That sounds like the Color Picker, which works a bit differently in ID than in Illustrator or Photoshop. If the cursor is not in one of the RGB fields when you say OK you won't get RGB color. You can see this by noting the text in the Add ... Swatch button. My guess is you added the color as the CMYK conversion which is a bit lighter.
You might want to use the panel menu in the Swatches panel instead, or the new swatch button at the bottom of the panel while holding down the Alt key to open the new swatch definition dialog. You want to create a Process color and change the type to RGB, then enter the values in the RGB fields. Or if what you want is really Pantone 249U you can define a Spot swatch and choose Pantone Solid Uncoated and then specify the 249. I'll warn you though, that CS6 uses Lab values for displaying spot colors and 249U is considerably lighter than either the RGB you specified or the 249C. In earlier versions the book value conversions were used. Even when using Lab display values through Ink Manager in CS5, the coated and uncoated swatches incorrectly look the same in ID, and in Illustrator CS5 you would need to turn on overprint preview to see a difference.

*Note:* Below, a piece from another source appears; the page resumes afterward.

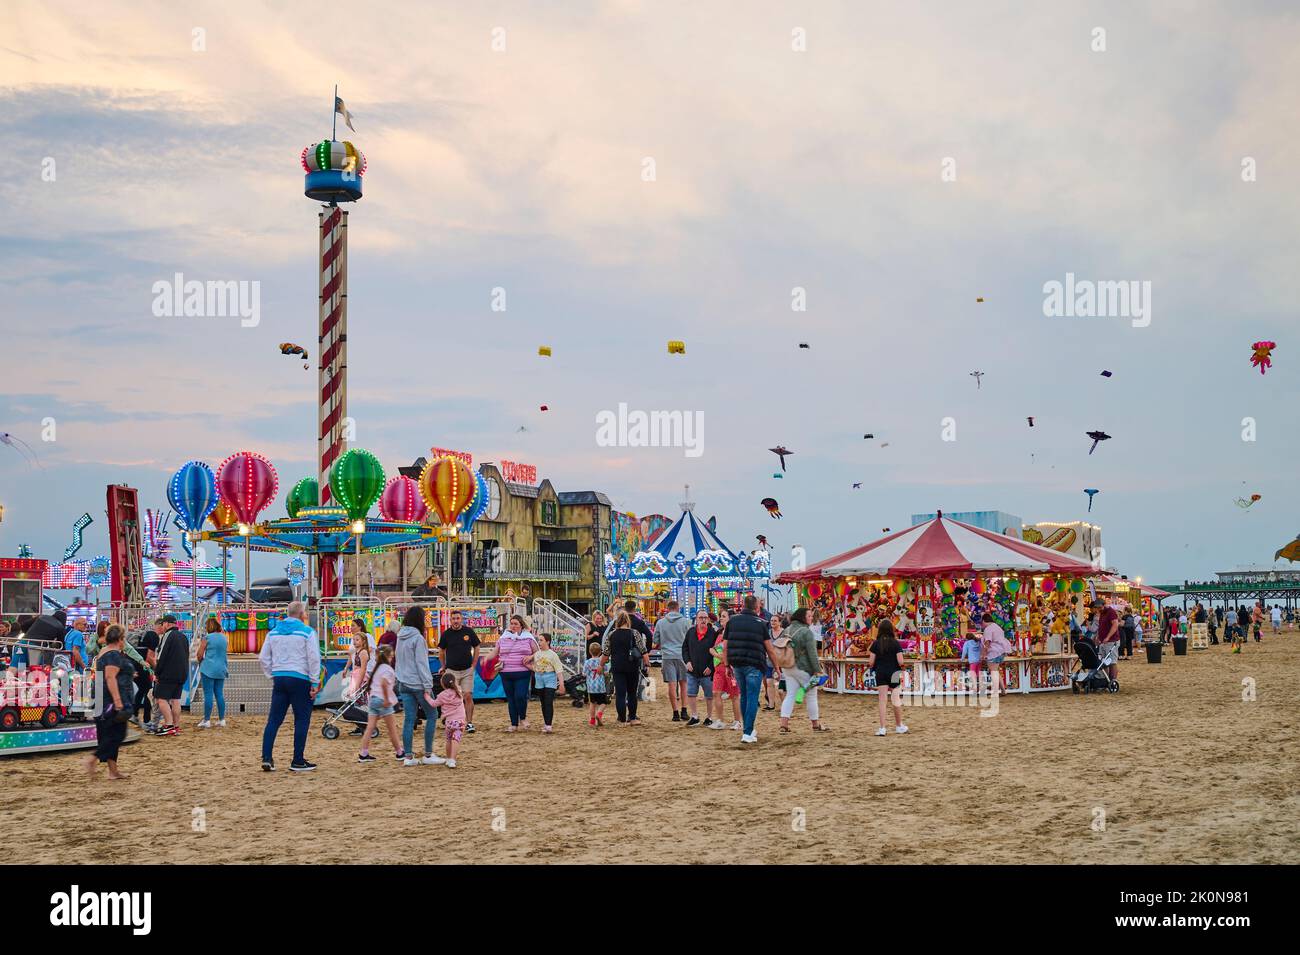 St Annes International kite festival held on the beach in September. Kites flying at dusk Stock Photo

Here are a couple of screen captures from PDFs exported from ID CS5 and CS6 using High Quality Print. The colored boxes with the lables were pasted from Illustrator CS5 to be sure I was using the same color definitions and that theywere behaving as native objects. Below are the same boxes placed:
and here is how the screen looked in CS6 in ID (notice the difference in the placed .ai file -- the screen preview is NOT using the Lab values, although it exports with them):
I don't know what the content is and how you present it, but it doesn't sound like a web page. That said, if you choose Web for intent in Document Setup you can still use print size paper sizes for the document and change the rulers after the doc is created to read inches or millimeters or other units of your choice instead of pixels and the file will use default RGB swatches and default to RGB when making new colors.